При упоминании этих имён, у главного редактора чуть не случился удар.
— Слушай, Василий, у тебя совсем плохо с политграмотой. Ну, какие же они личности? Они вожди.
— А я что сказал?
— Вот я и вижу, что ты не понимаешь, что говоришь. Иди и пиши. У нас тем неосвоенных на десять лет вперёд, а ты со своим романом лезешь.
И Вася шёл и писал. Писал про восстановление разрушенных городов, про то, как в колхозах женщины запрягались вместо лошадей и пахали, даже про то, как в Америке угнетали несчастных негров. В Америке он, конечно никогда не был, но в то, что там угнетают негров, свято верил.
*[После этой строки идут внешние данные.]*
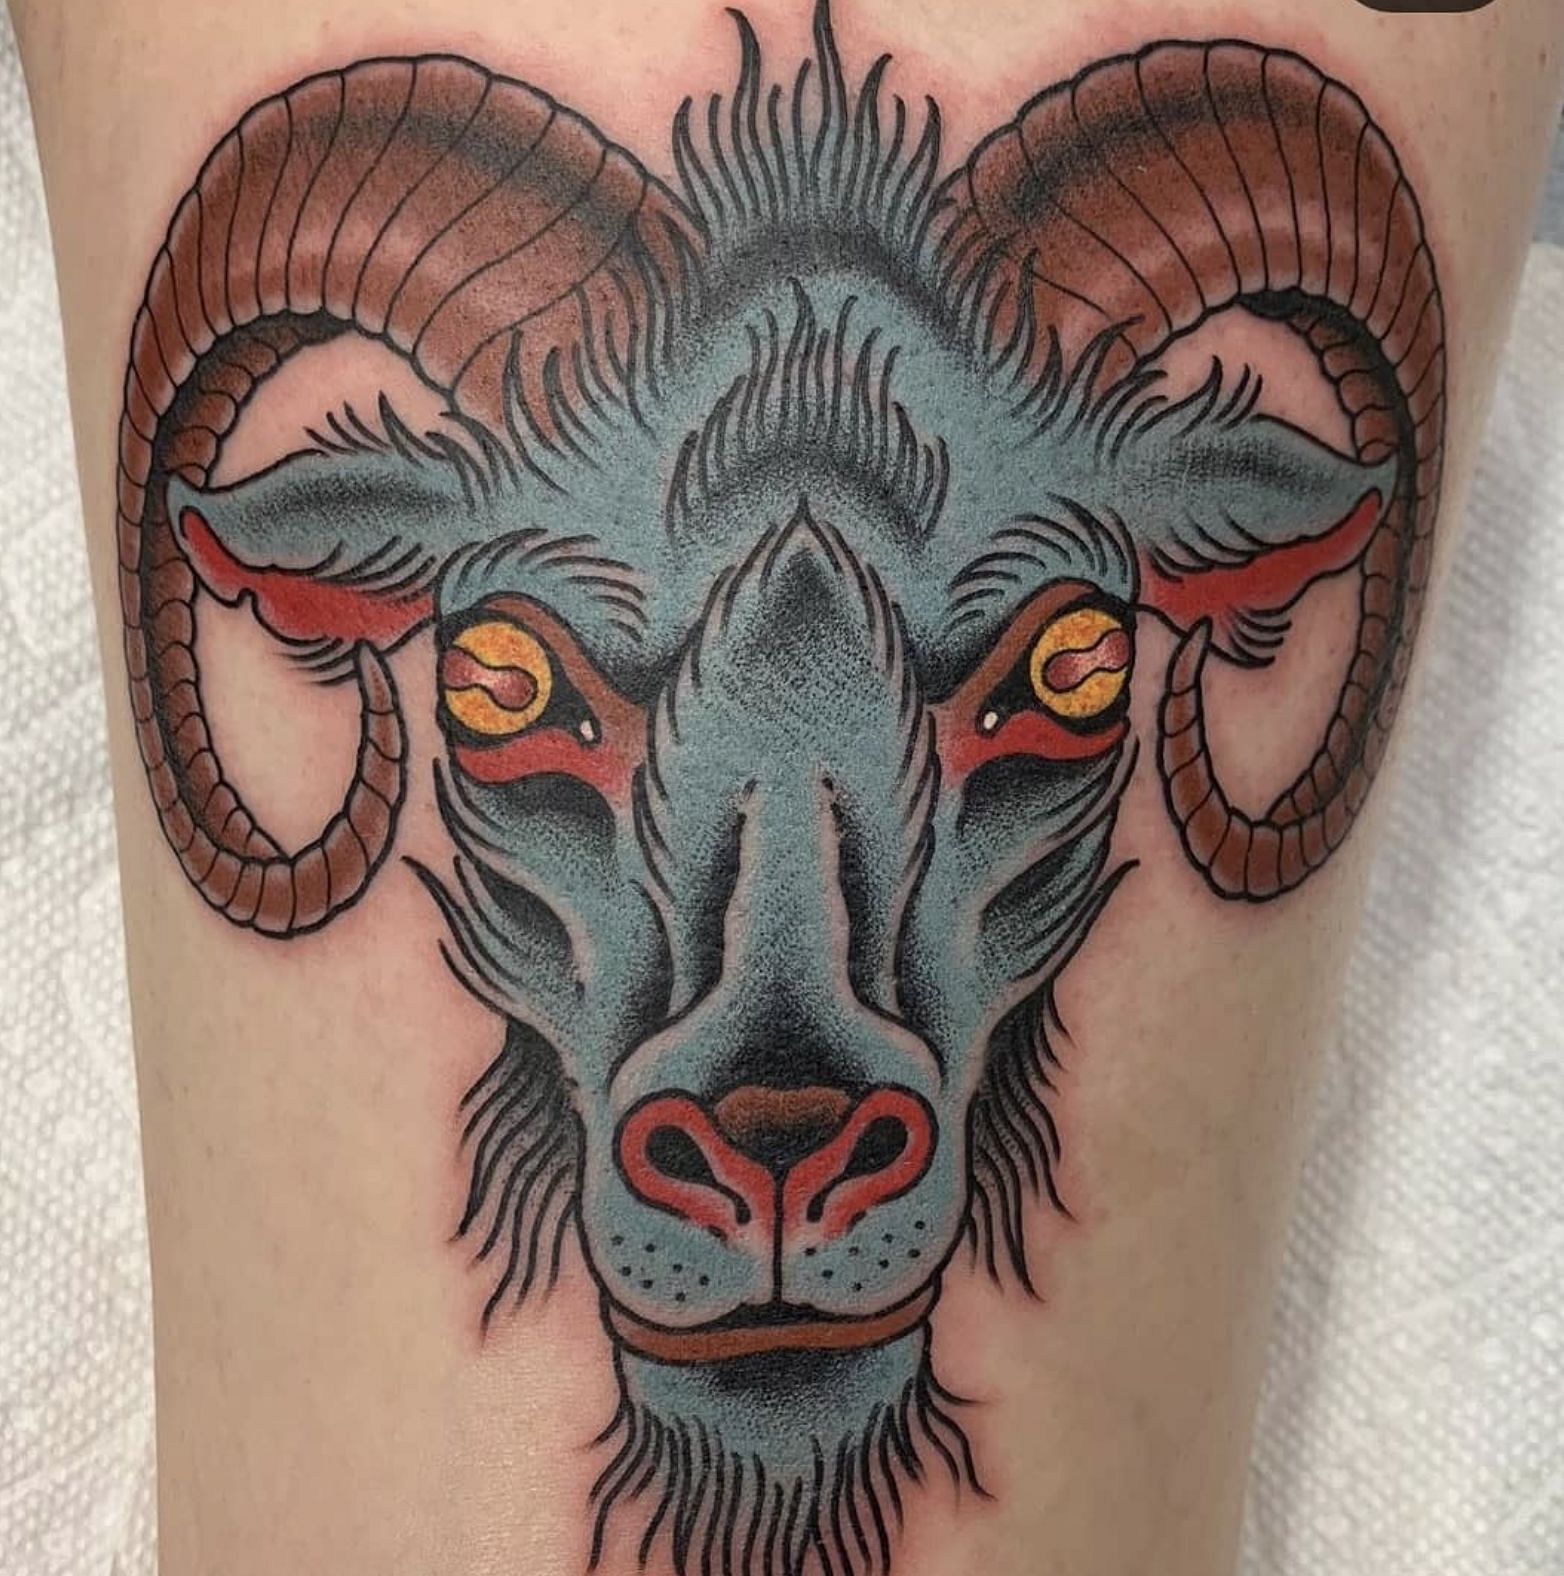 An eye-catching tattoo of a goat from a Brady fan. Source: ghostinthemachine.tattoo (IG)

Василий писал про что угодно, только не про то, о чём хотел, ради чего и поступал в университет.
— Опять заставляют писать, про то, чего не видел, — жаловался Василий жене.
— А ты не пиши, — посоветовала Катя.
— То ест, как это не писать?
— А вот так. Про что ты должен написать?
— Про блокаду Ленинграда.
— Вот пусть они тебя в Ленинград в командировку и пошлют.
— А действительно, почему бы мне не съездить в Ленинград?
— И я там не была.
— Вот и поехали вместе.
Как ни странно никаких препятствий в редакции Василий не встретил. Наоборот, начальник даже обрадовался такому предложению.
— А что? Это идея. Найди там блокадника, и напиши про него статью. Да что там статью, напиши небольшую повесть.
Сборы были недолгими. Не прошло и трёх дней, как с лёгкой Катиной руки, Василий с женой оказались в Ленинграде.
Тут уж не надо быть ни Ленинградцем, ни литератором. Знает каждый — если надо писать про блокаду, начинать следует с Пискарёвского кладбища.